The task.
Set down exactly the lines running from the line with "Beige crew neck" to the end of the listing below, both ends included.

(Records shown Opens)

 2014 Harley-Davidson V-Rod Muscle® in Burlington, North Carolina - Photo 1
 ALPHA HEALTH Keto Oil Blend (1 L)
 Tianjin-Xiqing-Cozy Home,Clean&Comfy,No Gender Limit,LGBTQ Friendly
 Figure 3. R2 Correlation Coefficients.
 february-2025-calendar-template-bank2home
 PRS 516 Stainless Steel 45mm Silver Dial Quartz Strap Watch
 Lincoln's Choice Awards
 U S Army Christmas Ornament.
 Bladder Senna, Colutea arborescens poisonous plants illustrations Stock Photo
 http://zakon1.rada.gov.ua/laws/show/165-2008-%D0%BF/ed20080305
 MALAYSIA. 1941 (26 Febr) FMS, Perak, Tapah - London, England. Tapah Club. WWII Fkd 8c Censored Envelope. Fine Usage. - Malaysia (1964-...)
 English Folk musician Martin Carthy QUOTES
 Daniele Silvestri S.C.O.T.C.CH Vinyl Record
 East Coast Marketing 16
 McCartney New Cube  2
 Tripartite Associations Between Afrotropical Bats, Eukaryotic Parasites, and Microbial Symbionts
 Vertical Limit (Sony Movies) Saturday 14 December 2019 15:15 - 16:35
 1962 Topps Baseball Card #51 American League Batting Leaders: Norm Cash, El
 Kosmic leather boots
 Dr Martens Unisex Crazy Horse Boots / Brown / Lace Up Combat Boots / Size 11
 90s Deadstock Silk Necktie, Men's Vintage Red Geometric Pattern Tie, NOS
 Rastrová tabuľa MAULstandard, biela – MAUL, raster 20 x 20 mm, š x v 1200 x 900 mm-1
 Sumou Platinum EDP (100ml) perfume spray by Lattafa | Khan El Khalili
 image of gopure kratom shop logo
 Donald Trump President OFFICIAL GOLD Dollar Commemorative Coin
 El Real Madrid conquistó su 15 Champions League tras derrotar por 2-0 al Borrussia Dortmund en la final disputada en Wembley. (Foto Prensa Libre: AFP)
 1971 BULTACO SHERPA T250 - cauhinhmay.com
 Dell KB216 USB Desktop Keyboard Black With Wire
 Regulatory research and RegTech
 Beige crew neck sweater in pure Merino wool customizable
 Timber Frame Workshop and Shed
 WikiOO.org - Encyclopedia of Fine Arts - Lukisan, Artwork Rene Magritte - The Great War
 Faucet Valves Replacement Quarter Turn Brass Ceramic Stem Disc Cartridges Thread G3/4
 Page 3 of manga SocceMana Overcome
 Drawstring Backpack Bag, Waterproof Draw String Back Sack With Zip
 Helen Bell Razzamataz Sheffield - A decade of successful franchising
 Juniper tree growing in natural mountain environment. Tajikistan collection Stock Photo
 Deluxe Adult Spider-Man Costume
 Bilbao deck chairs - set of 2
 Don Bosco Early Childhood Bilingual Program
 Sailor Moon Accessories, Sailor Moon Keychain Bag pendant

(Records shown Closes)

Solution.
 Beige crew neck sweater in pure Merino wool customizable
 Timber Frame Workshop and Shed
 WikiOO.org - Encyclopedia of Fine Arts - Lukisan, Artwork Rene Magritte - The Great War
 Faucet Valves Replacement Quarter Turn Brass Ceramic Stem Disc Cartridges Thread G3/4
 Page 3 of manga SocceMana Overcome
 Drawstring Backpack Bag, Waterproof Draw String Back Sack With Zip
 Helen Bell Razzamataz Sheffield - A decade of successful franchising
 Juniper tree growing in natural mountain environment. Tajikistan collection Stock Photo
 Deluxe Adult Spider-Man Costume
 Bilbao deck chairs - set of 2
 Don Bosco Early Childhood Bilingual Program
 Sailor Moon Accessories, Sailor Moon Keychain Bag pendant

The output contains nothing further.